Spironolactone is an aldosterone antagonist, and it is the most commonly used adjunctive agent in the treatment of hirsutism. It competes for testosterone binding sites on the pilosebaceous unit, inhibits 5 a (alpha)-reductase, and inhibits androgen production by interfering with cytochrome P450 [ 48 ] . The potassium-sparing effect warrants judicious use in the patient on potassium supplementation or preexisting hypertension.

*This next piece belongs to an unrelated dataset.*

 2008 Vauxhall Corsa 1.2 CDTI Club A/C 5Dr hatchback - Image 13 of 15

Flutamide is a nonsteroidal antiandrogen that competes for the androgen receptor. Anovulatory PCOS patients treated with flutamide experienced resumption of ovulation with restoration of normal ovarian appearance with one dominant follicle [ 49 ] . This study also reported a reduction in plasma levels of LH, androstenedione, and testosterone. Liver toxicity is a rare but potentially serious side effect of flutamide.

Finasteride is a potent inhibitor of 5 a (alpha)-reductase used for the treatment of prostatic hyperplasia with promising results as a treatment for hirsutism. All antiandrogens should be used along with a form of contraception, because they are teratogenic and pose a risk of feminizing a male fetus.

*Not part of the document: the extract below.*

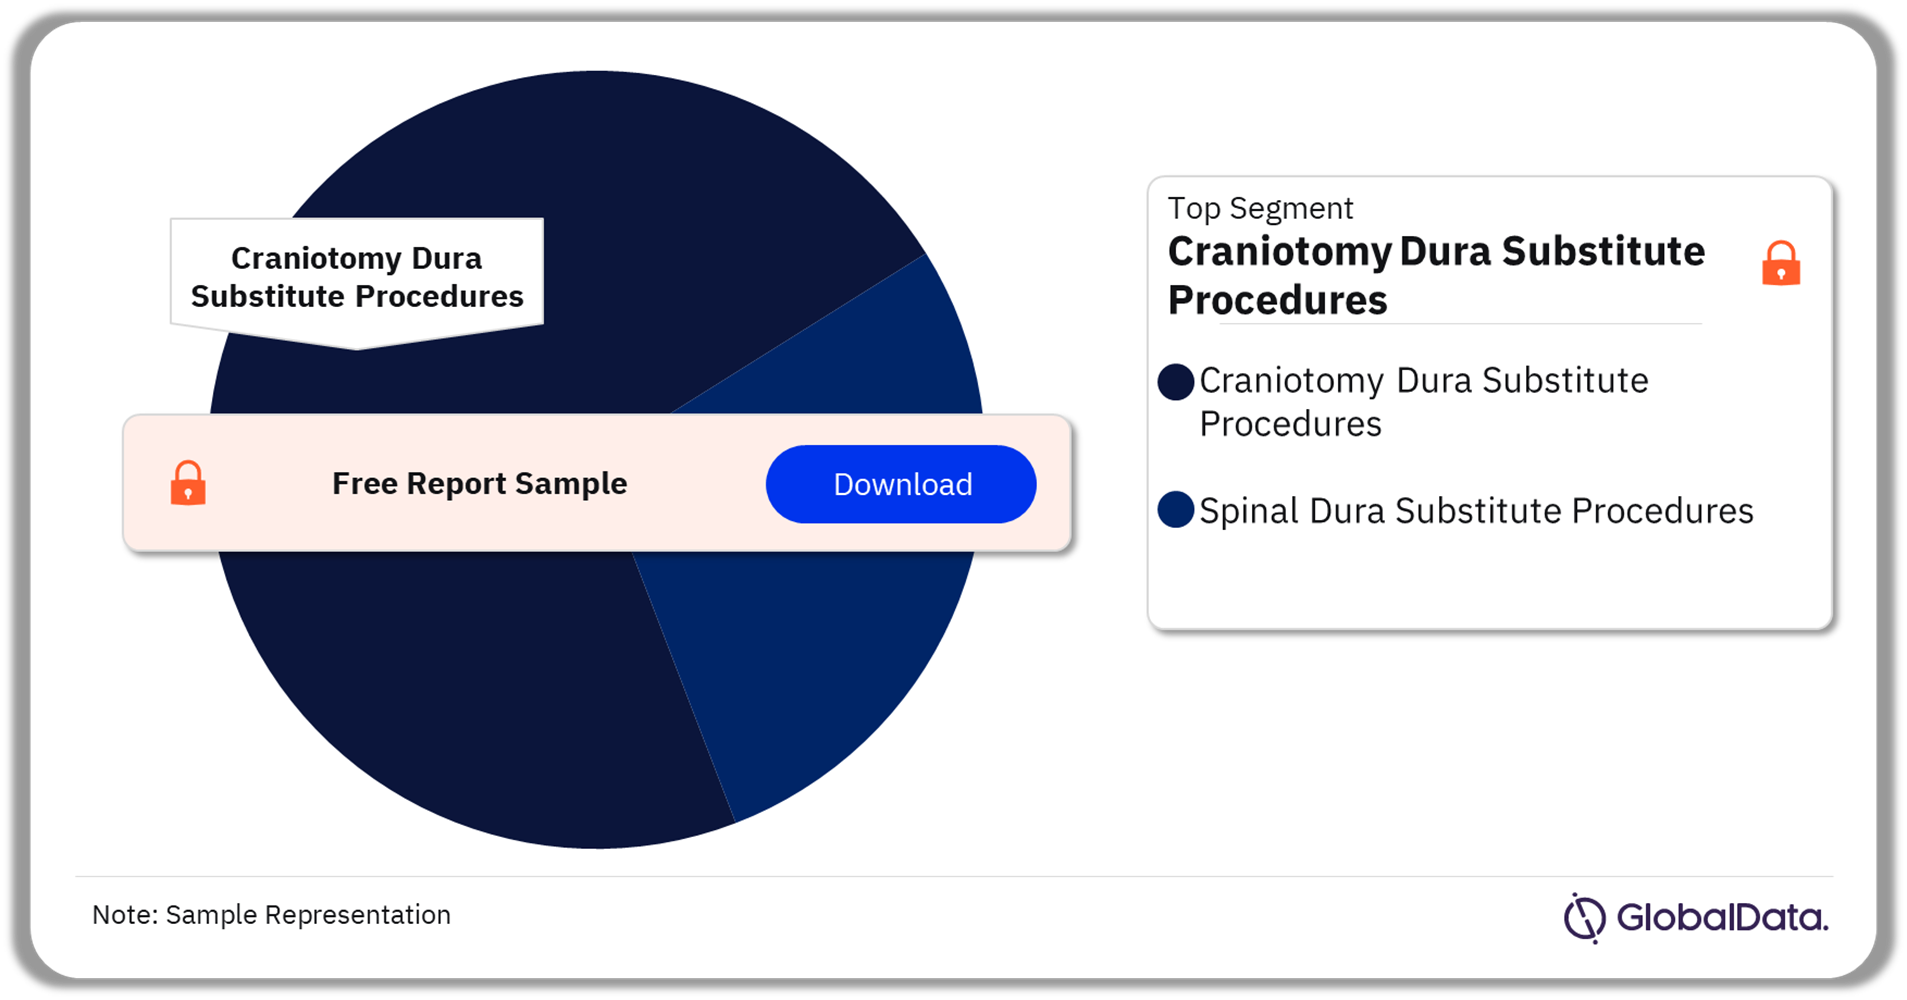 Germany Craniotomy Dura Substitute Procedures Market Analysis by Segments, 2022 (%)

Insulin-Sensitizing Agents

Insulin-sensitizing agents have been shown to improve endocrine and reproductive abnormalities in PCOS. Metformin is the most thoroughly investigated insulin-lowering agent used in PCOS. It is a biguanide that primarily works by suppressing hepatic gluconeogenesis and, to a lesser degree, increases peripheral insulin sensitivity [ 50 ] . Thiazolidinediones (TZDs) are peroxisome proliferator activating receptor (PPAR- g (gamma)) agonists that improve peripheral insulin sensitivity but do not appear to have an effect on hepatic glucose production [ 50 ] . This class of medications includes troglitazone, pioglitazone, and rosiglitazone.

Troglitazone is the oldest but was removed from the market in 2000 owing to hepatotoxicity. Rosiglitazone and pioglitazone are still available and appear to be safer. The role of insulin-sensitizing agents is still an area of active investigation.

Many studies have demonstrated the positive effects of metformin on the reproductive axis of PCOS patients, with one of the most comprehensive studies recently demonstrating a dramatic improvement after 6 months of treatment. Metformin administration to nonobese hyperandrogenic PCOS patients resulted in a reduction of (1) LH pulse amplitude; (2) androstenedione levels; (3) testosterone levels; (4) ovarian volume; and (5) Ferriman-Gallwey scores. Menstrual cyclicity was also improved in most patients [ 51 ] . The investigators did not determine if metformin increased the likelihood of ovulation or if FSH levels rose. Similarly, troglitazone-treated PCOS patients demonstrated improved ovulation, decreased hirsutism, decreased free testosterone, and increased SHBG [ 52 ] .

Insulin-sensitizing agents have a favorable effect on hyperandrogenism by reducing LH secretion, thereby removing the main stimulus for pathologic ovarian and adrenal androgen production. The reduction in insulin levels elevates hepatic SHBG production, decreasing free androgen levels. The concurrent improvement in hyperinsulinemia and hyperandrogenemia conferred by the use of insulin-sensitizing agents may ameliorate hirsutism.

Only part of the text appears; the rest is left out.